PROVIDED ENTRIES:
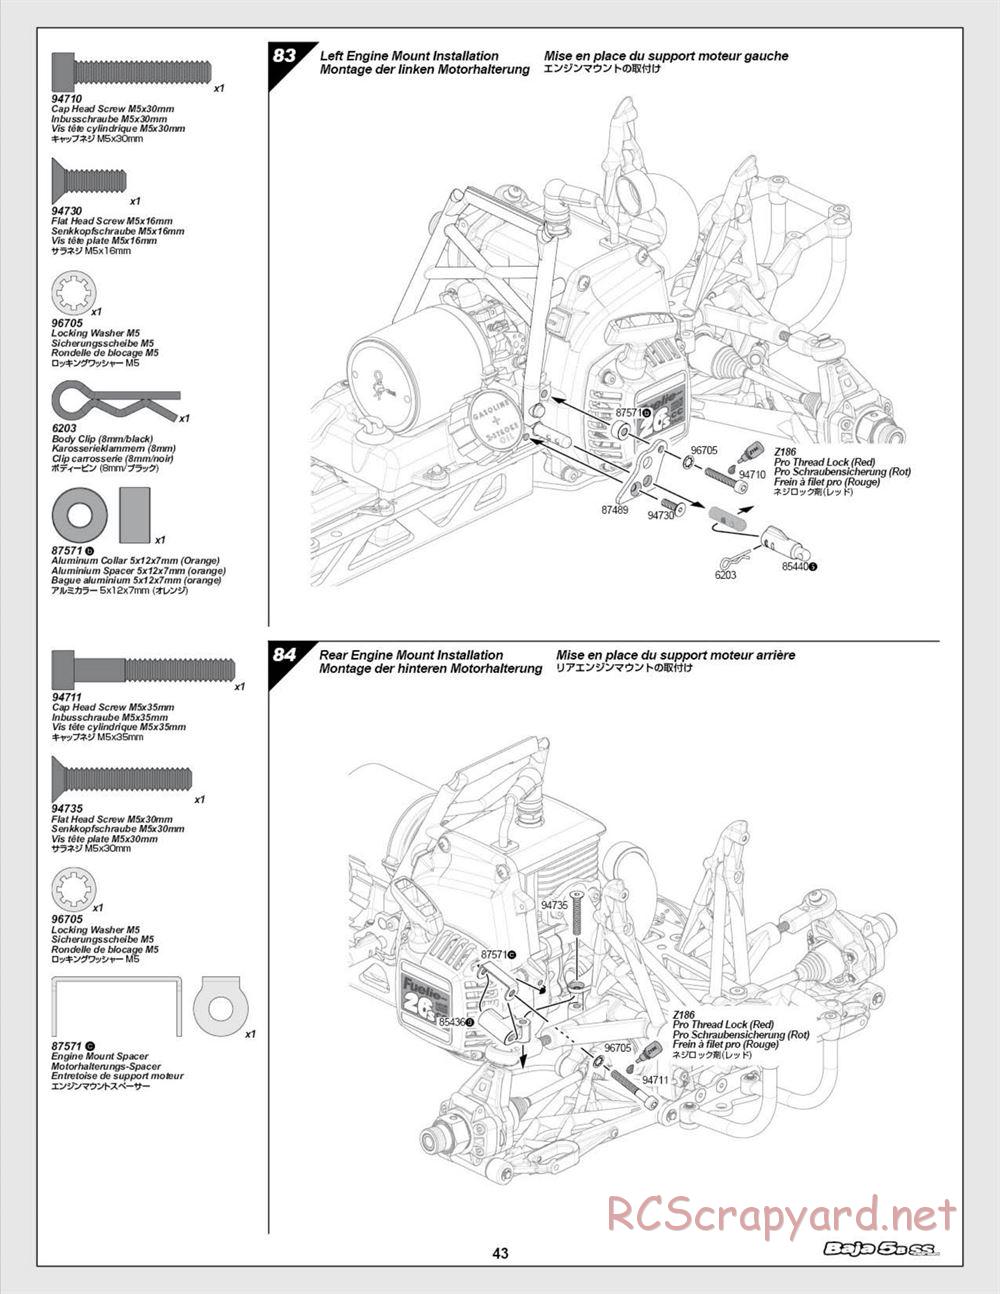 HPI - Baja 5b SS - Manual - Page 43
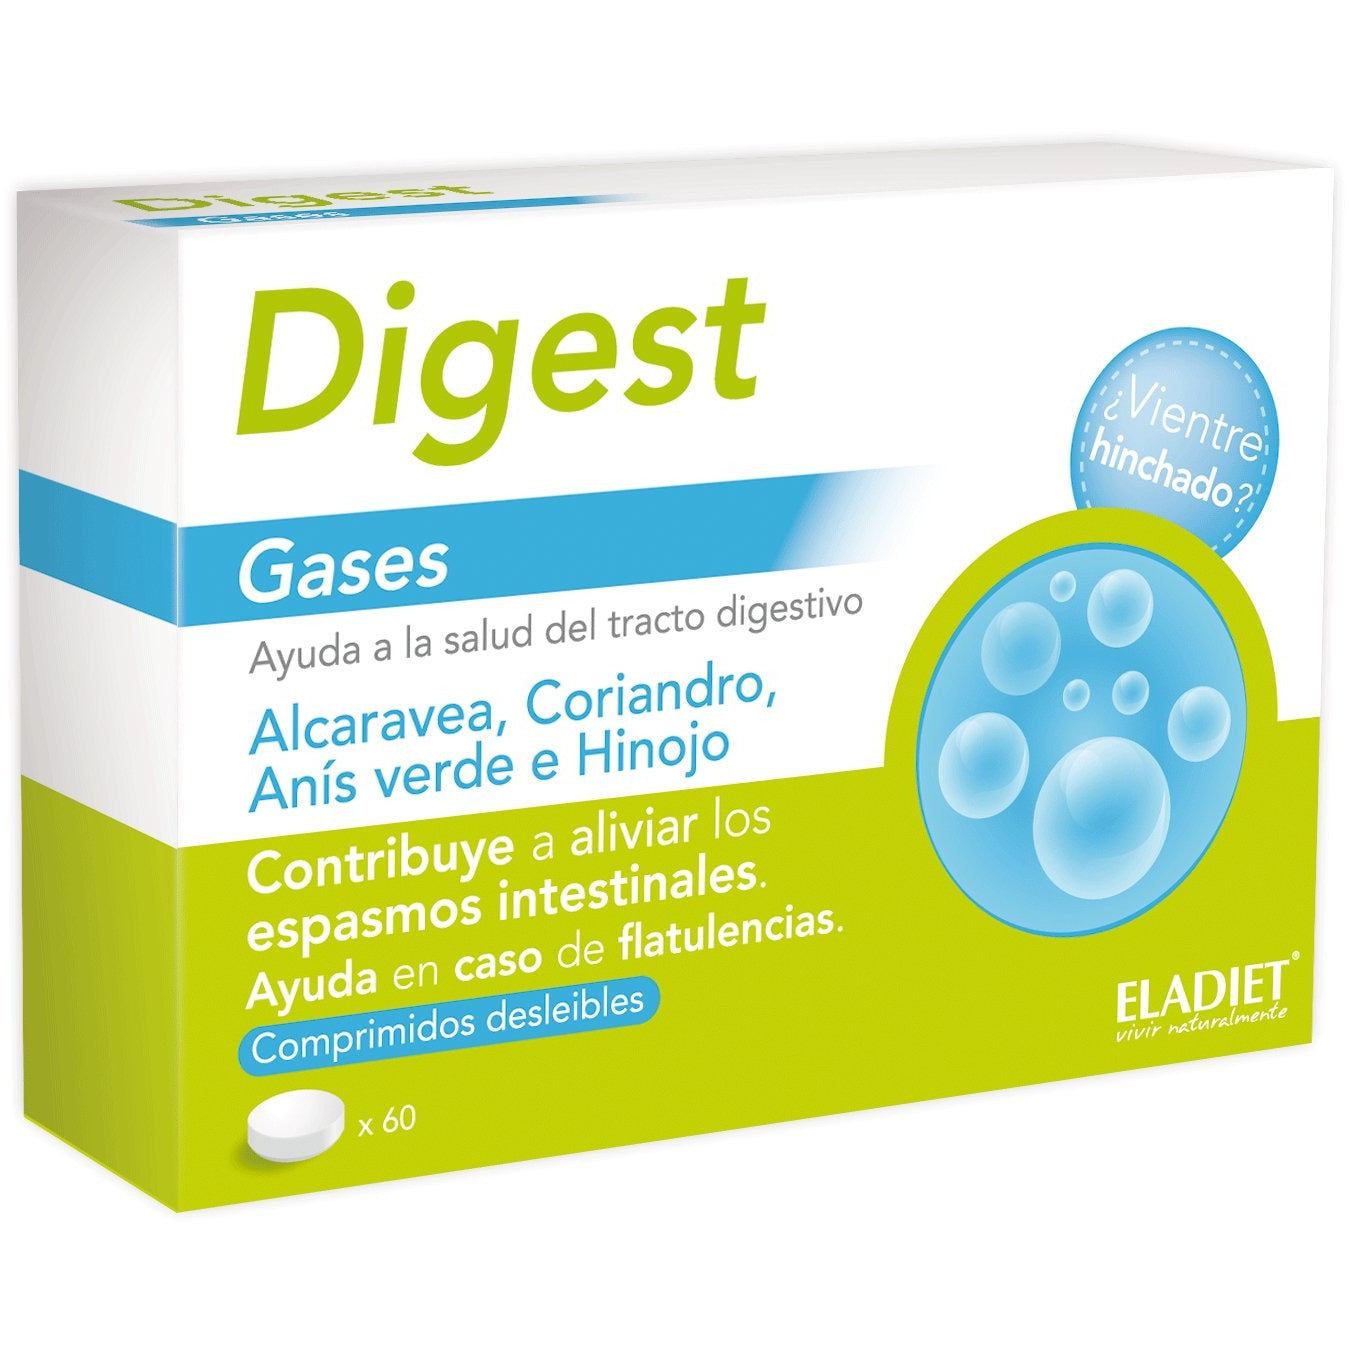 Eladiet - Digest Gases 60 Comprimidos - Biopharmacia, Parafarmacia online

==

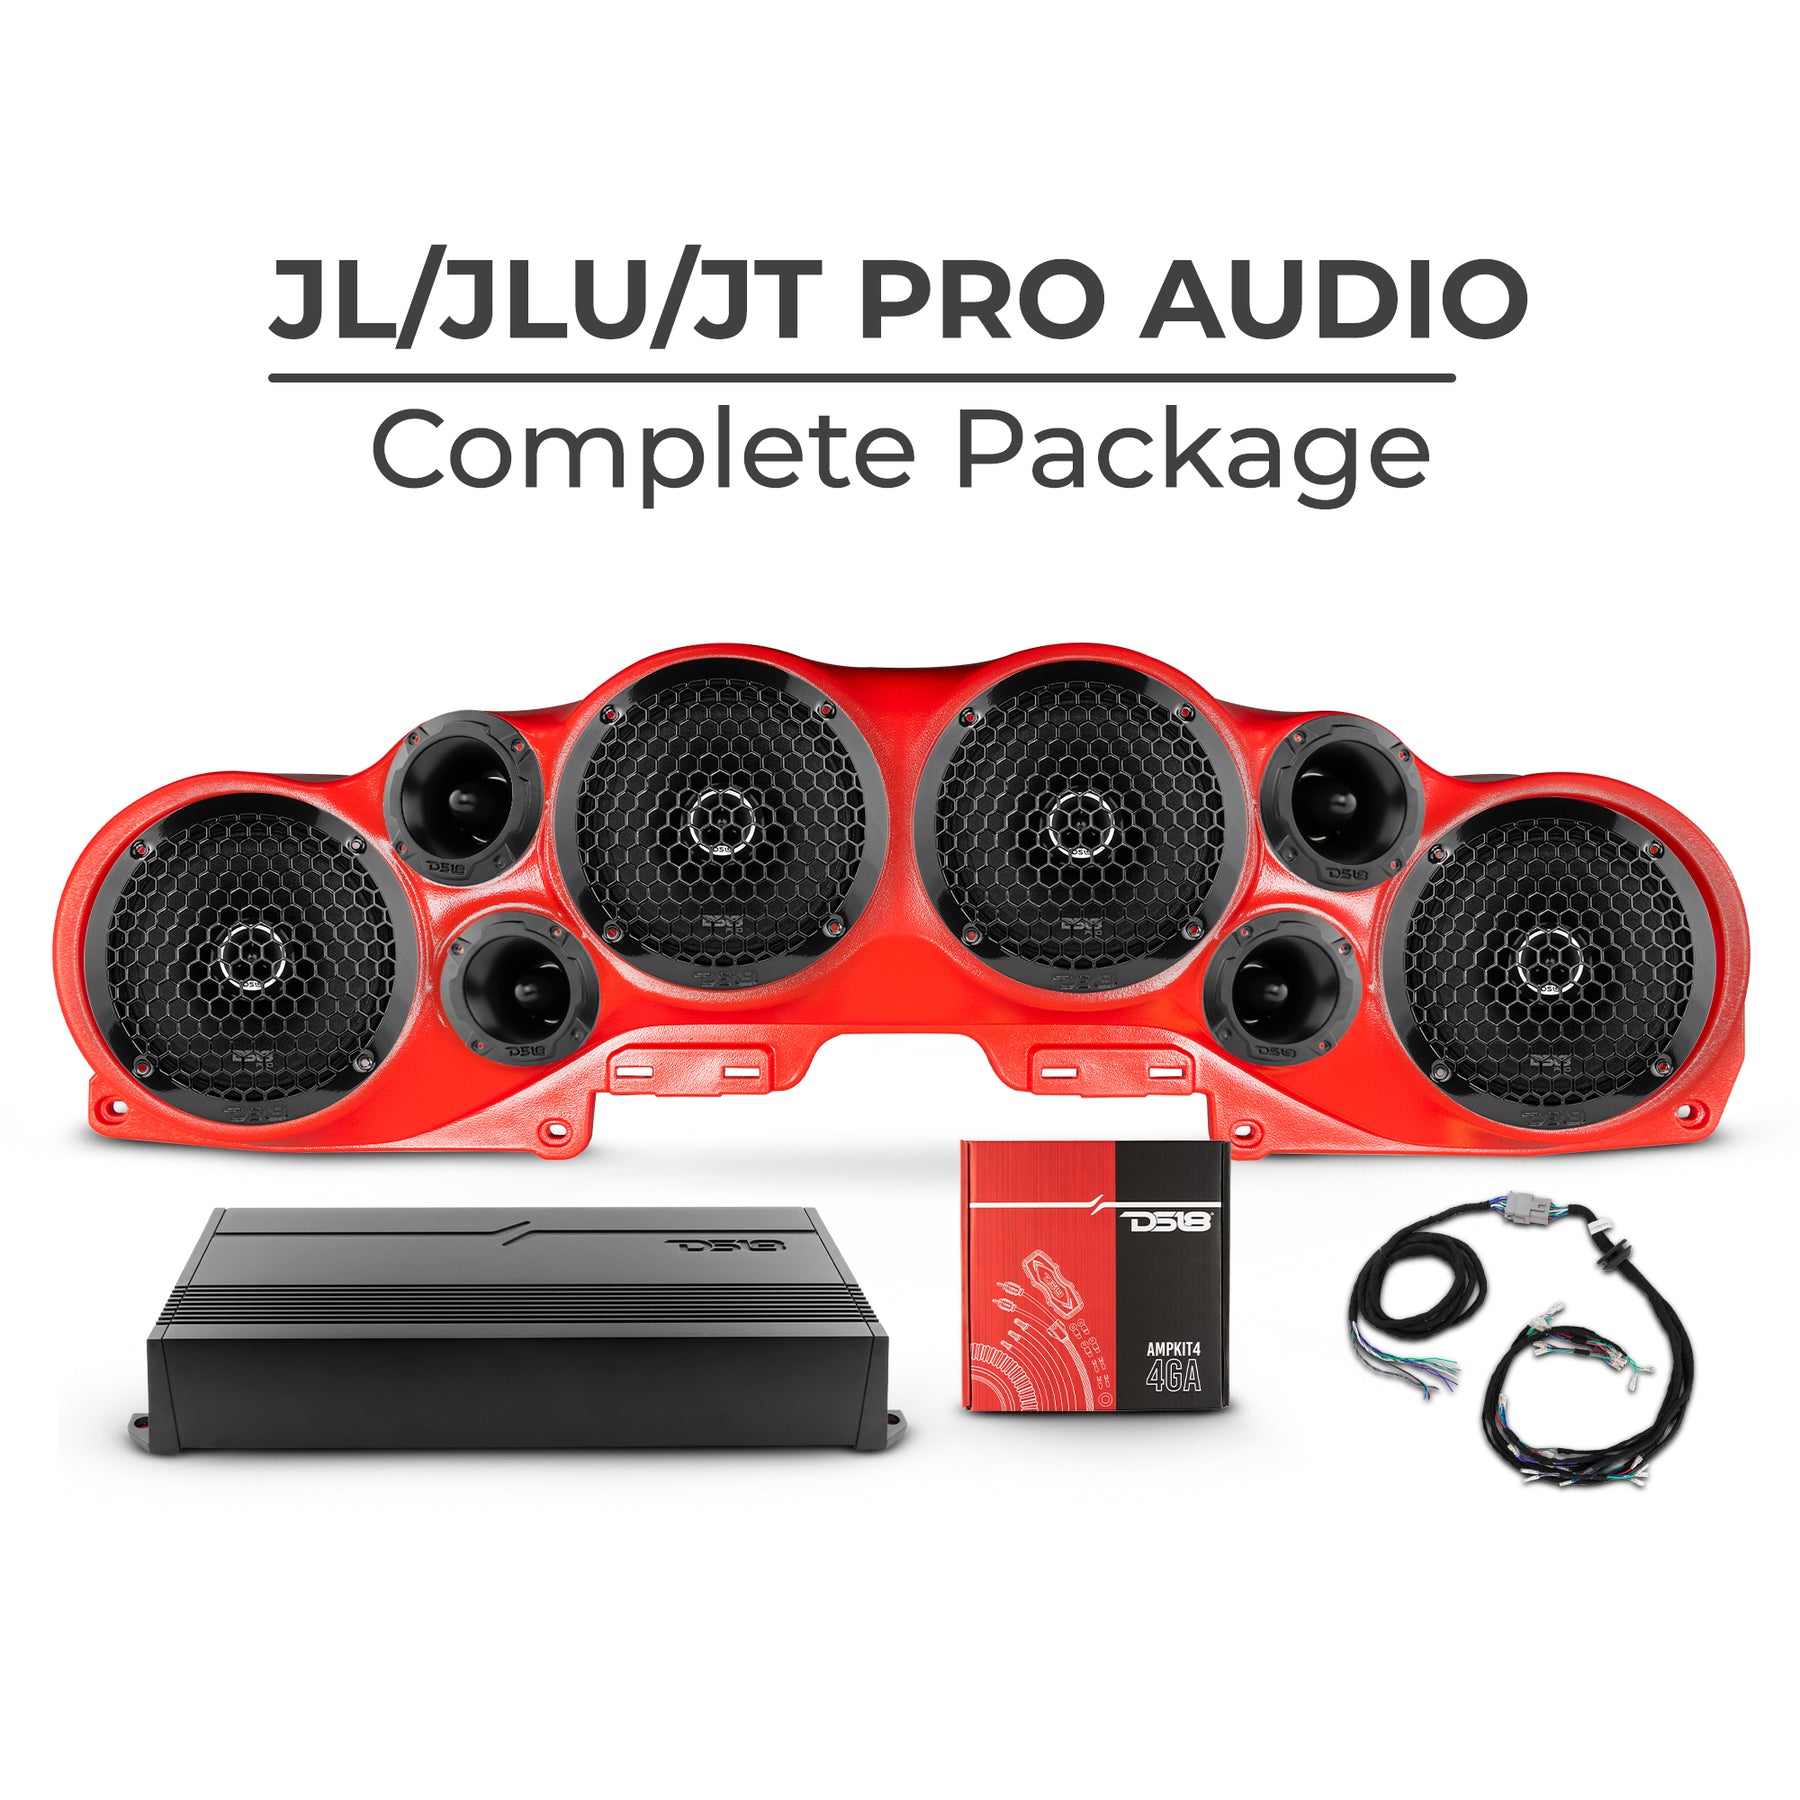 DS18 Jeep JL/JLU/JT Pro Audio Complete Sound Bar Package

---

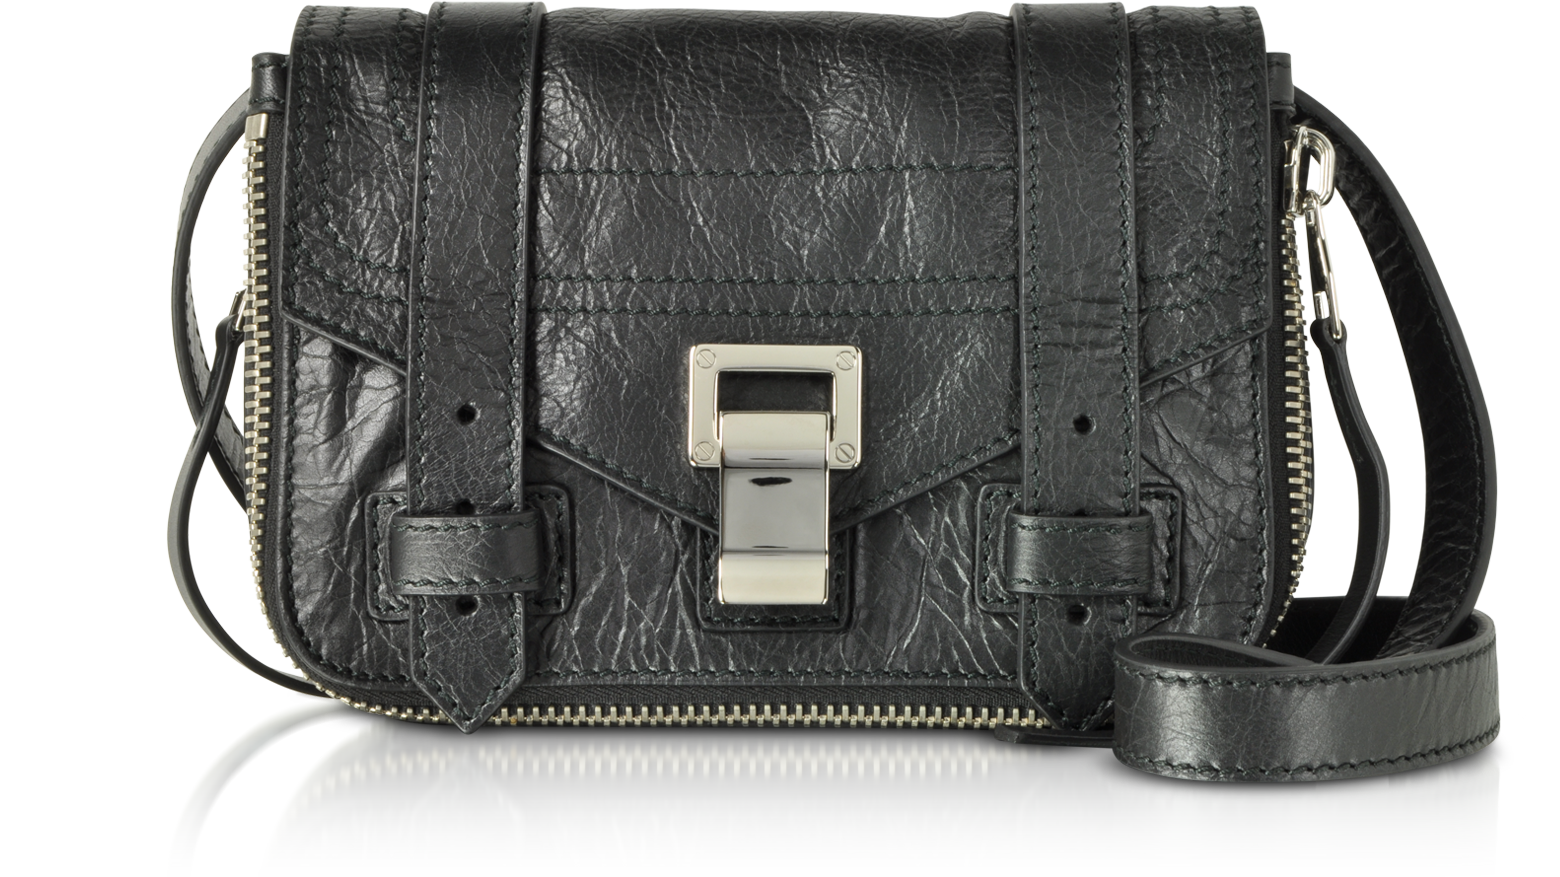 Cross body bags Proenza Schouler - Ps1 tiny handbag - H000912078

TASK TO CARRY OUT: In the listing above, find the line containing "HPI - Baja 5b SS - Manual - Page 43" and the line containing "Eladiet - Digest". Print those two lines and every line between them exactly, with no pictures.

OUTPUT FOR THIS TASK:
 HPI - Baja 5b SS - Manual - Page 43
 Eladiet - Digest Gases 60 Comprimidos - Biopharmacia, Parafarmacia online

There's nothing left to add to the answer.